Persistent Windows Issues with RStudio

I continue to encounter issues in my courses where some Windows computers crash RStudio when running models like that included below. The problems do not arise on Mac or Linux, or PyStan on Windows. They seem to be limited to Windows 10, but having Windows 10 is not sufficient. Machines with 16 GB of RAM (and no other processes starving the system of memory) still crash. One possible commonality is Windows 10 Enterprise?

I have two system specs for machines that were causing problems if that might help.

Any thoughts?

data {
  int<lower=1> N; // Number of observations
  
  int<lower=1> N_location; // Number of location groups
  int<lower=1, upper=N_location> location[N]; // Location group assignments

  int<lower=1> N_method; // Number of method groups
  int<lower=1, upper=N_method> method[N]; // Method group assignments
  
  vector[N] x; // Covariates
  int y[N];    // Binary variates
}

parameters {
  real mu_alpha;             // Location intercepts population mean
  real<lower=0> sigma_alpha; // Location intercepts population standard deviation
  vector[N_location] alpha_location_tilde; // Non-centered location intercepts

  real mu_beta; // Location slopes population mean
  real<lower=0> sigma_beta; // Location slopes population standard deviation
  vector[N_location] beta_location_tilde; // Non-centered location slopes
}

transformed parameters {
  // Recentered intercepts for each location group
  vector[N_location] alpha_location = mu_alpha + sigma_alpha * alpha_location_tilde;
  // Recentered slopes for each location group
  vector[N_location] beta_location = mu_beta + sigma_beta * beta_location_tilde;
}

model {
  mu_alpha ~ normal(0, 0.5);           // Prior model
  sigma_alpha ~ normal(0, 2);       // Prior model
  alpha_location_tilde ~ normal(0, 1); // Non-centered hierarchical model

  mu_beta ~ normal(0, 0.5);           // Prior model
  sigma_beta ~ normal(0, 2);       // Prior model
  beta_location_tilde ~ normal(0, 1); // Non-centered hierarchical model

  // Observational model
  y ~ bernoulli_logit(beta_location[location] .* x + alpha_location[location]);
}
2 Likes

Could you share a minimal example that fails including the data?
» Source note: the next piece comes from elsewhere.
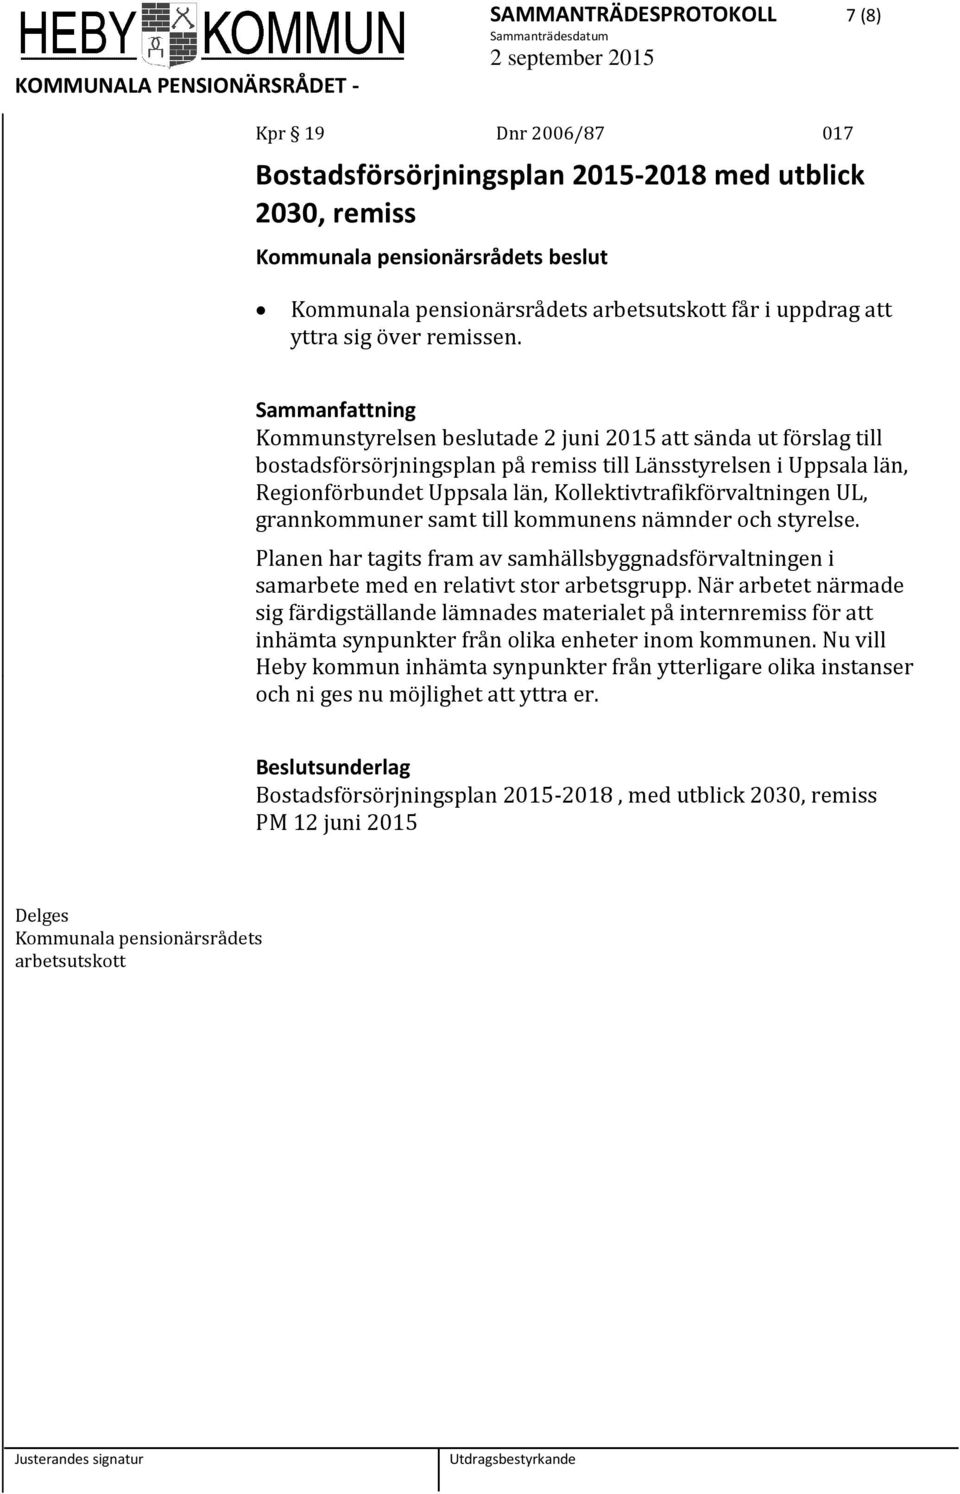 Kommunstyrelsen beslutade 2 juni 2015 att sända ut förslag till bostadsförsörjningsplan på remiss till Länsstyrelsen i Uppsala län, Regionförbundet Uppsala län, Kollektivtrafikförvaltningen UL,

Or does it crash on compile? I have access to a few Windows 10 machines, enterpise/education & pro. Maybe we can replicate it.

1 Like

It compiles but crashes sometime during runtime.

Try the below using the Stan program I pasted above with the attached data file.

library(rstan)
rstan_options(auto_write = TRUE)
options(mc.cores = parallel::detectCores())
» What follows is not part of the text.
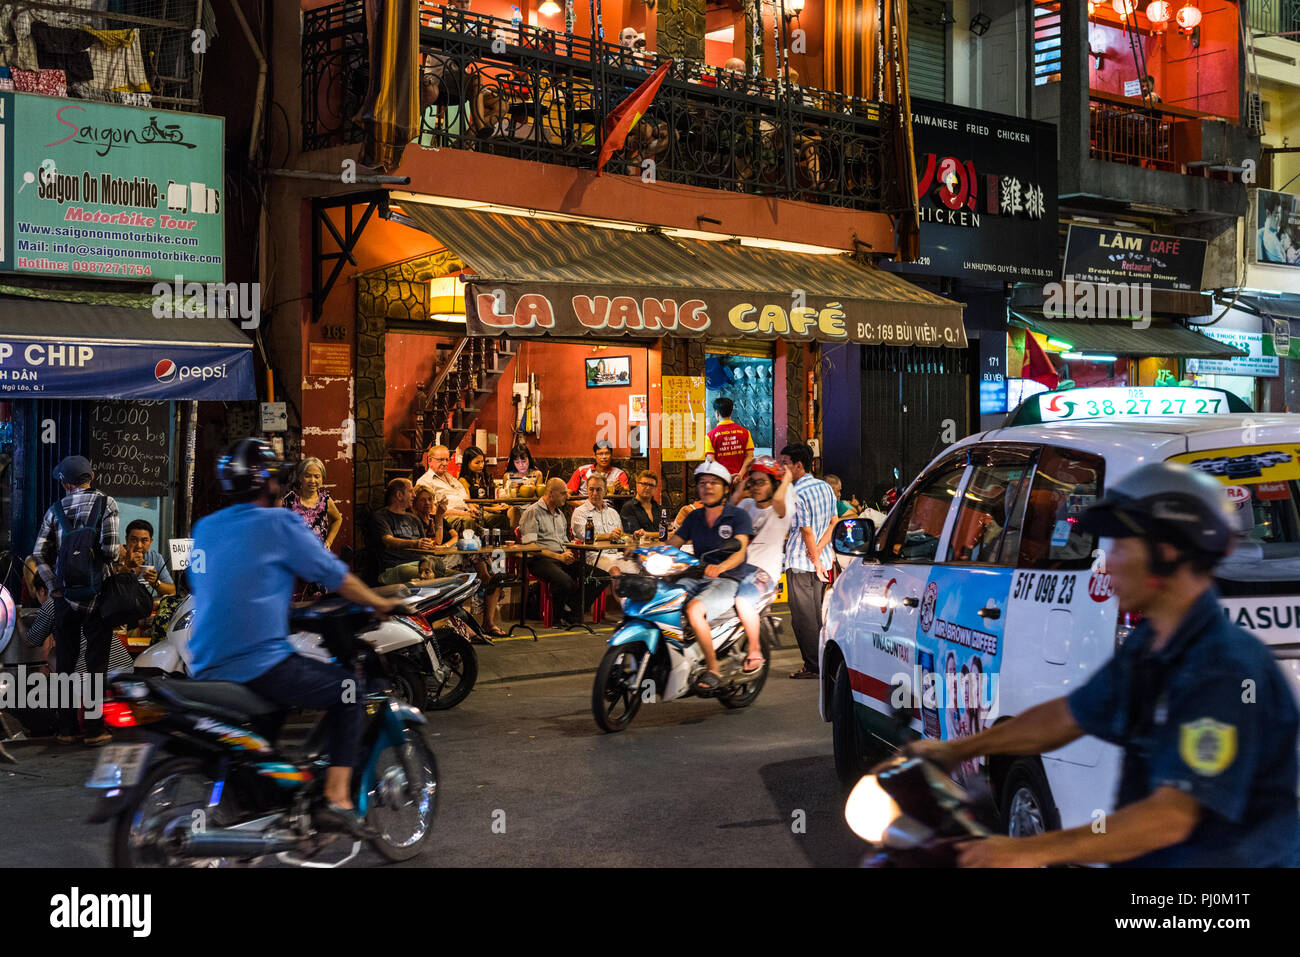 Ho Chi Minh, Vietnam - le 26 avril 2018 : Bui Vien Street - La vie nocturne vibrante Vang Cafe avec les visiteurs et le trafic chaotique. Banque D'Images

data <- read_rdump('multilevel_logistic_regression.data.R')
fit <- stan(file='one_level_ncp.stan', data=data, seed=4938483,
            control=list(adapt_delta=0.85), chains=1)

multilevel_logistic_regression.data.R (4.2 KB)

I get similar behaviour on some machines when I have -march=native in my makevars.

1 Like

Good call – the heterogeneity may very well be controlled by the processor type and hence tickle a -march=native issue.

I tried it on a Windows 10 Enterprise machine with an i5 CPU. I am running R 3.6.1. and RTools 3.5. It worked with and without the march flag. Will investigate on other machines. Do post the configurations, they might help track this down.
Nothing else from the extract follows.